## Your task
For the listing below, the answer is an exact retyping of the lines from the one with "Dolly Beyaz Cilt Topuklu Ayakkabı" through the one with "Restaurant Dijon Porte Neuve", both included, without pictures.

## Source data
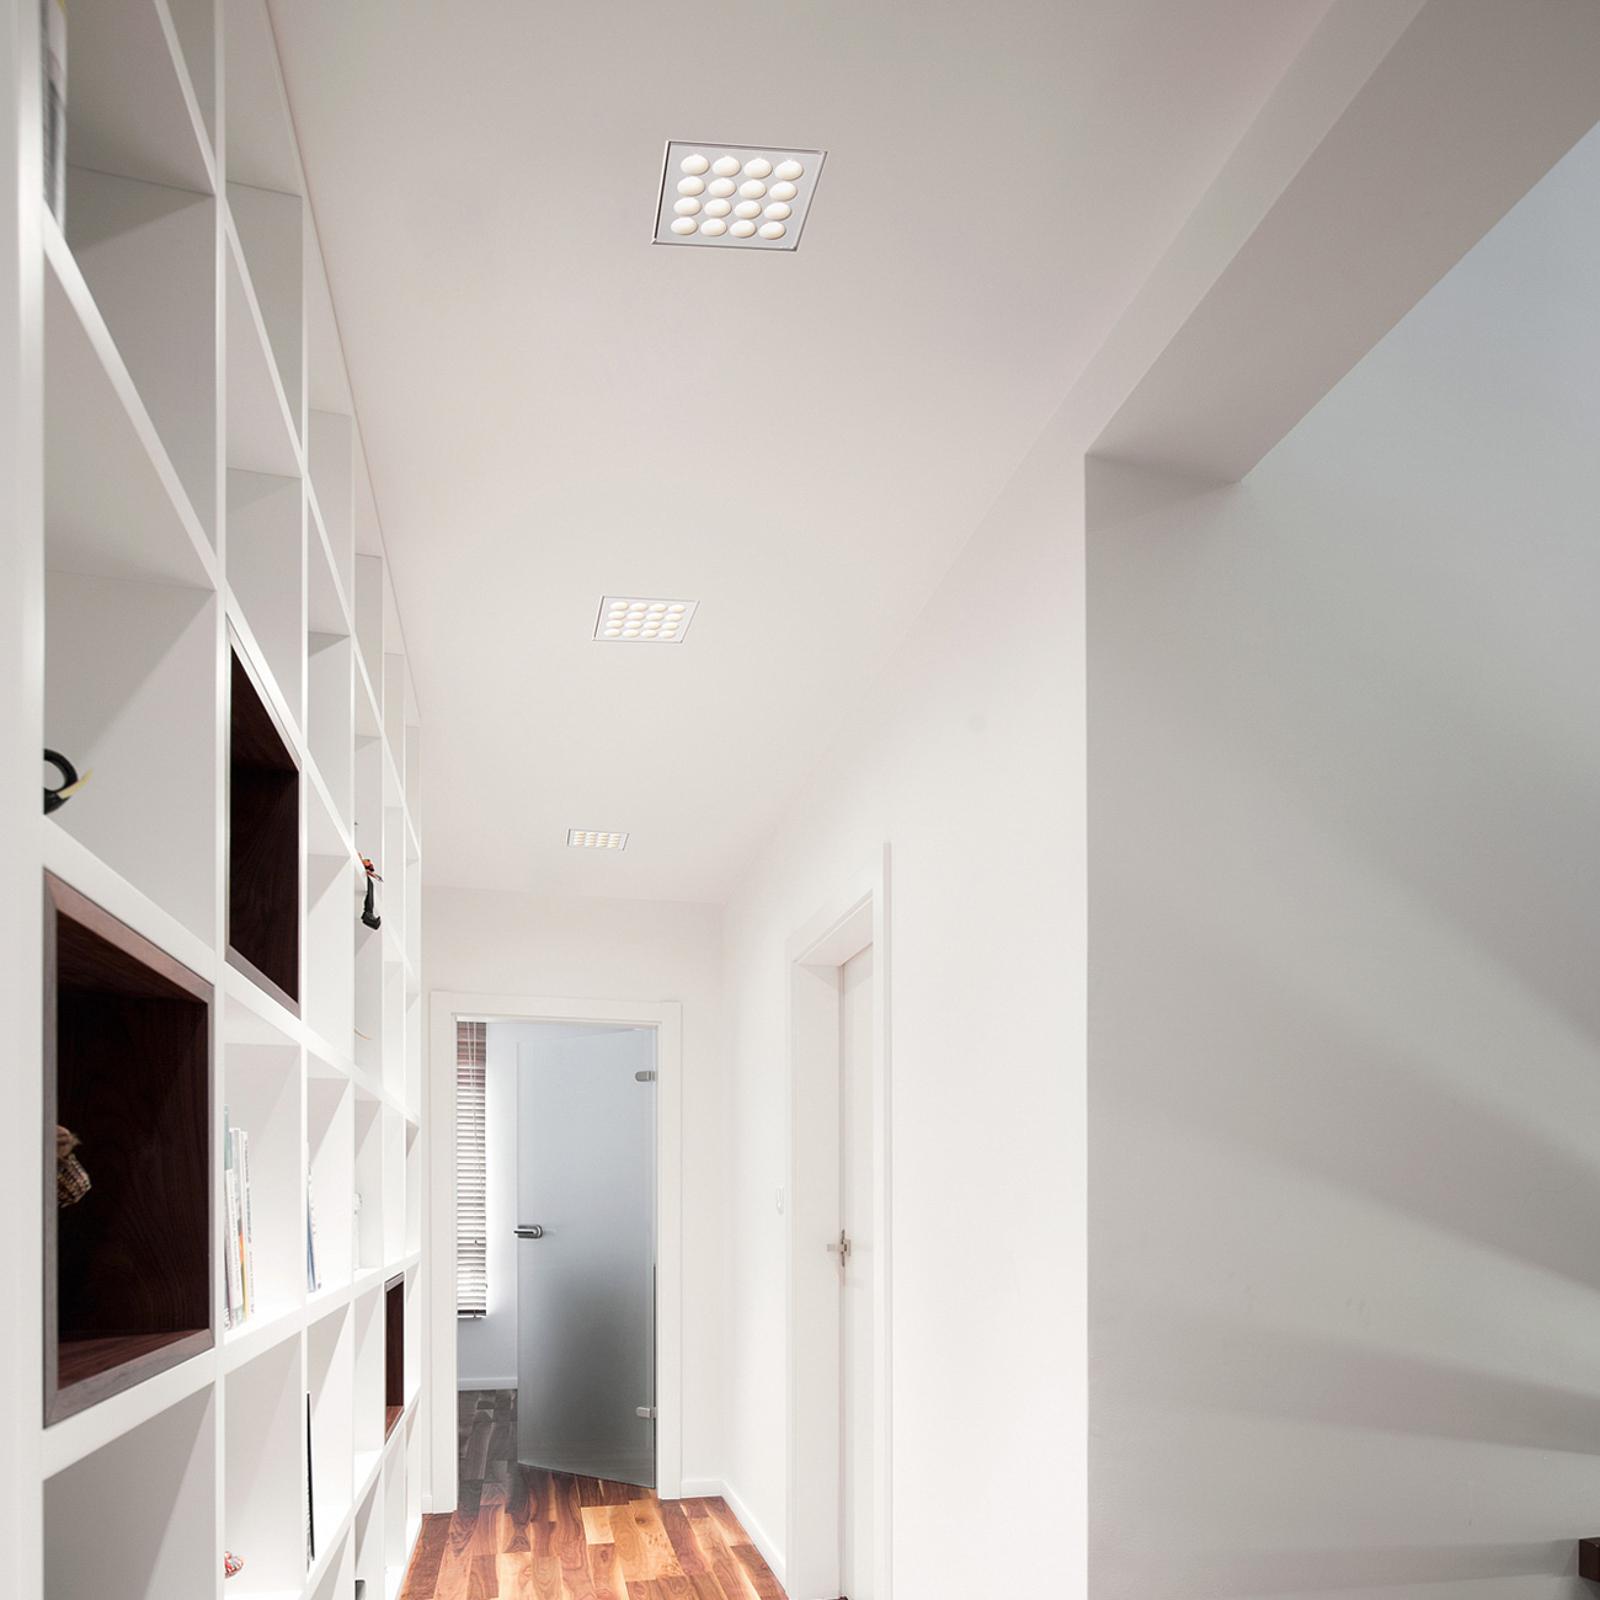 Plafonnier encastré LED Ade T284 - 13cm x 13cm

...

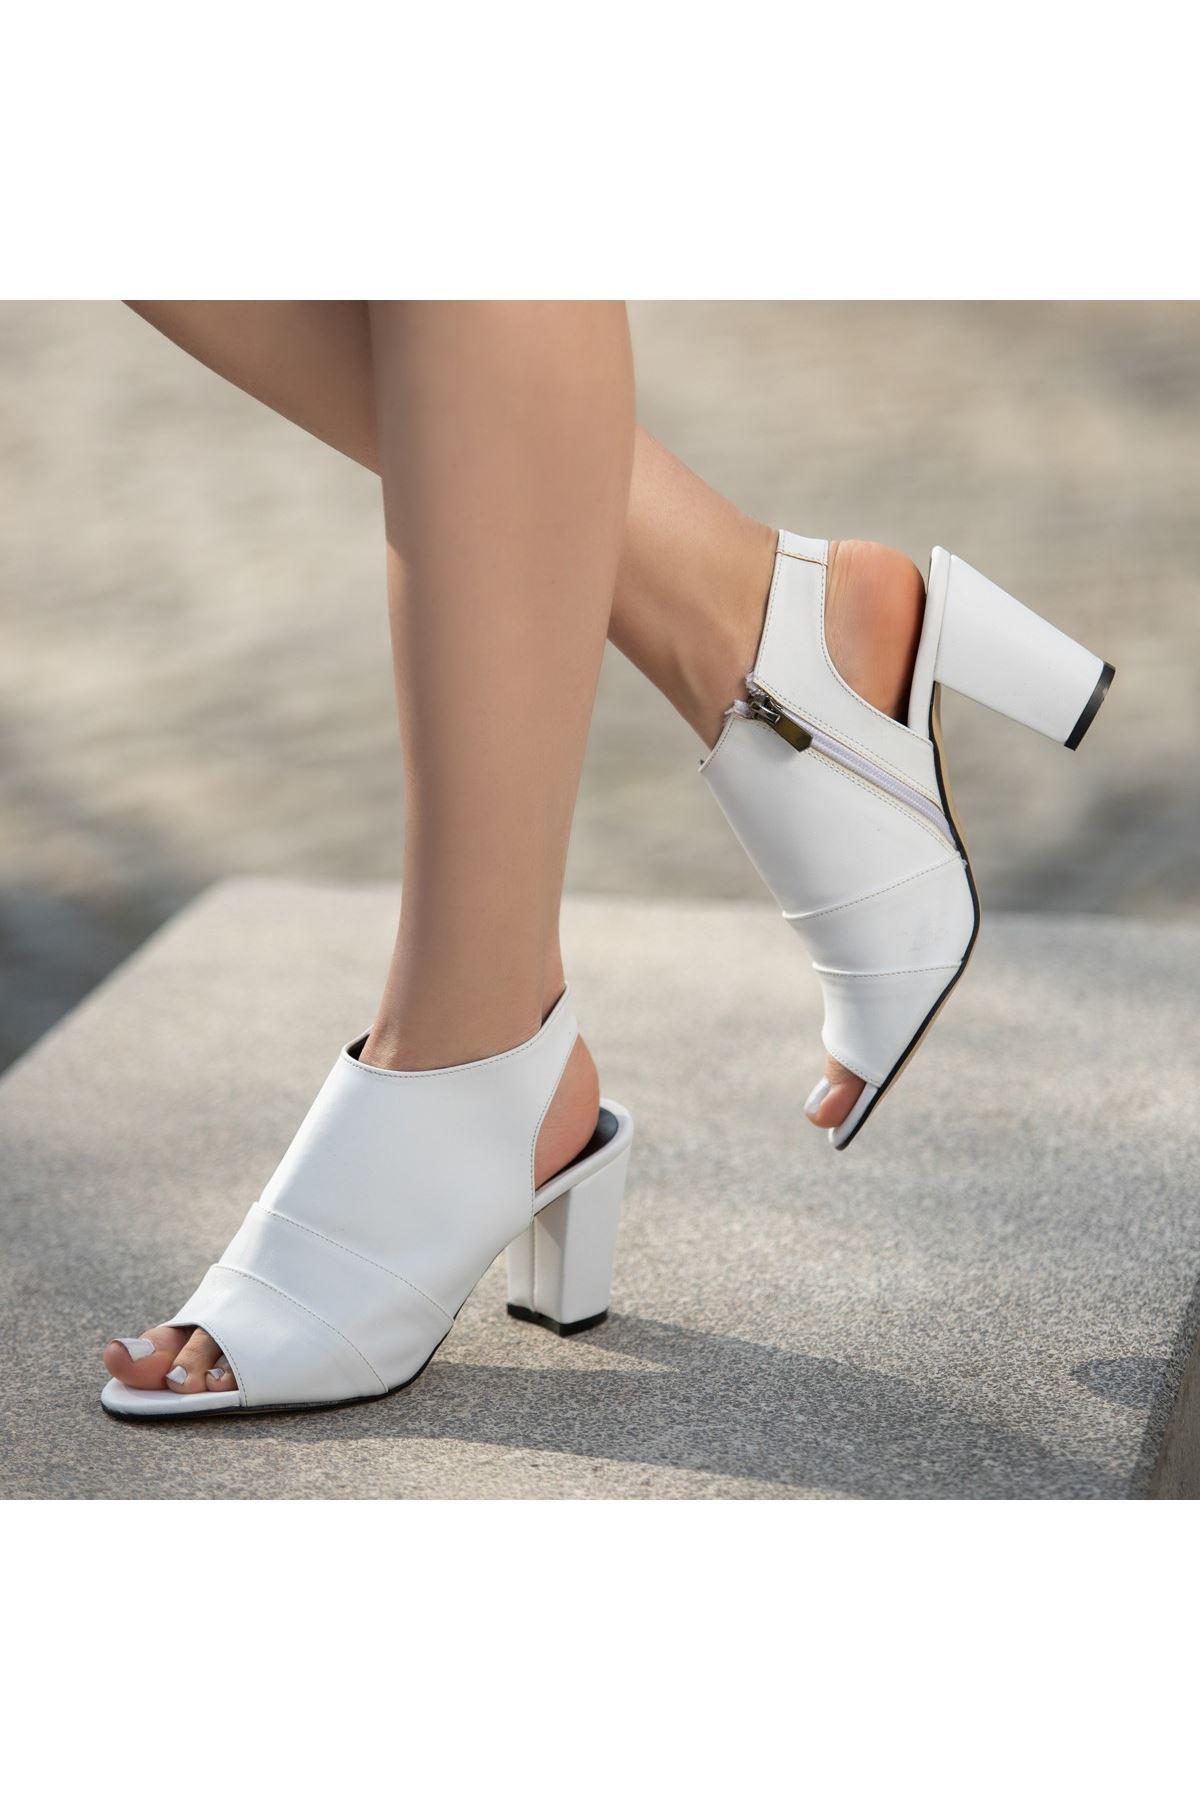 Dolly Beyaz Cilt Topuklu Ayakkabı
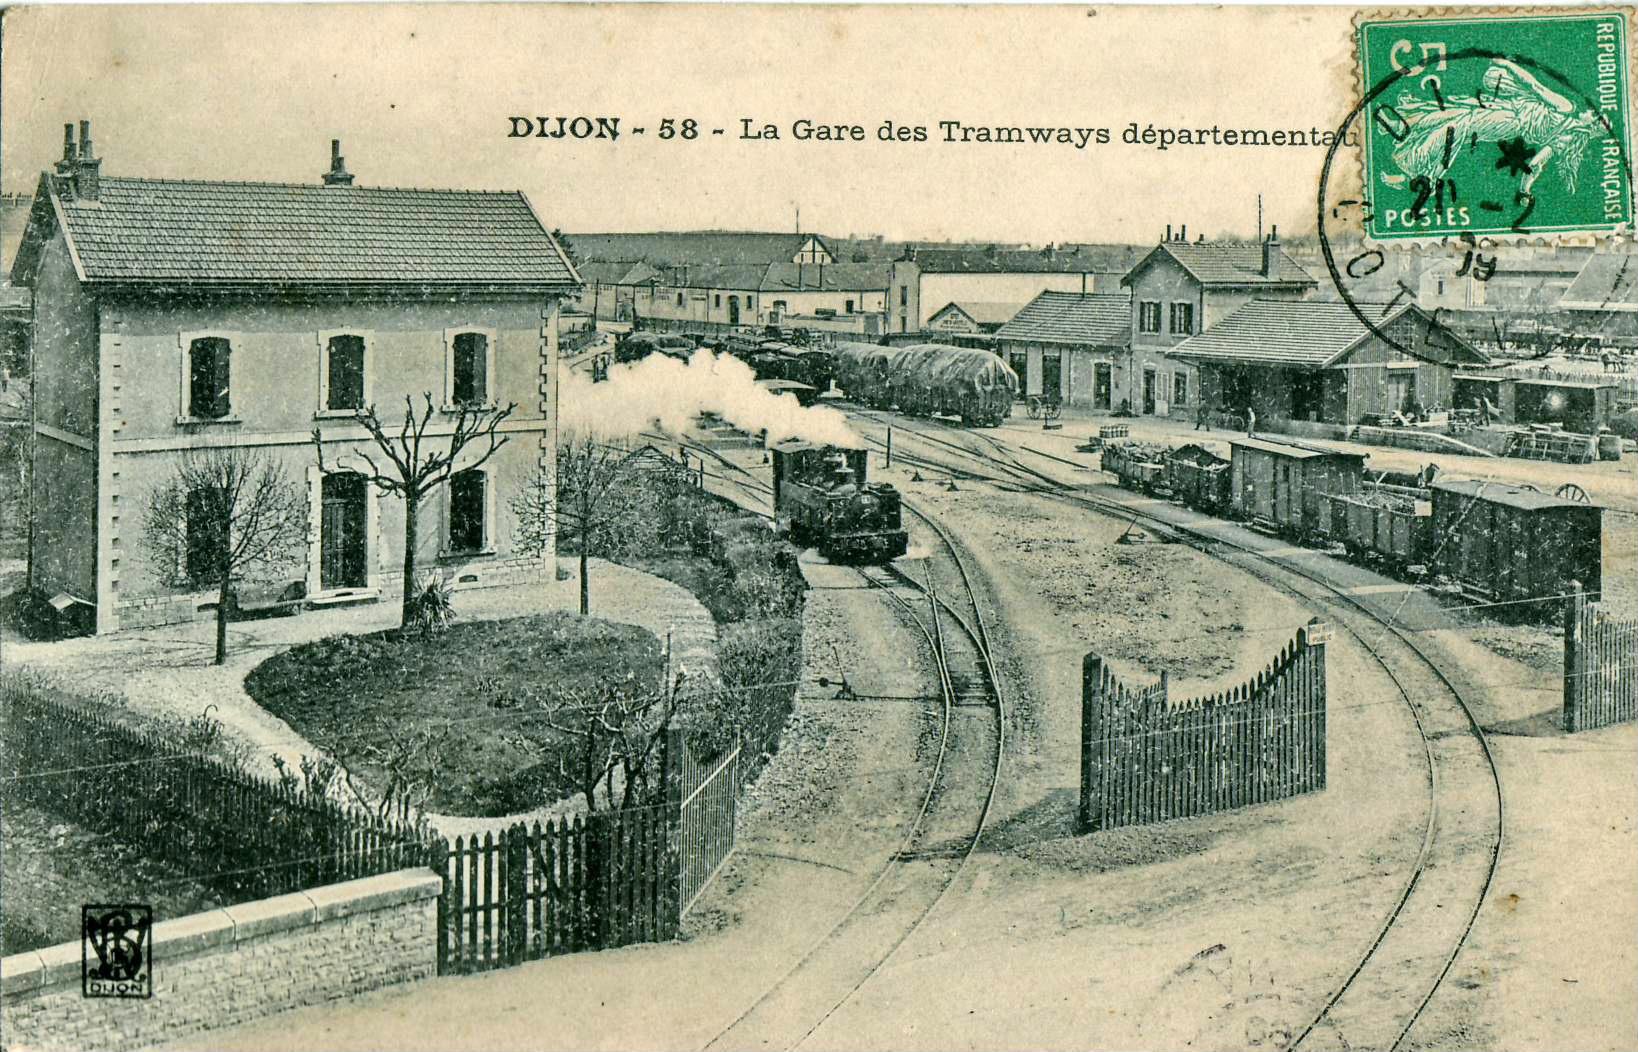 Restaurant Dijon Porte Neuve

## Output for this exercise
 Dolly Beyaz Cilt Topuklu Ayakkabı
 Restaurant Dijon Porte Neuve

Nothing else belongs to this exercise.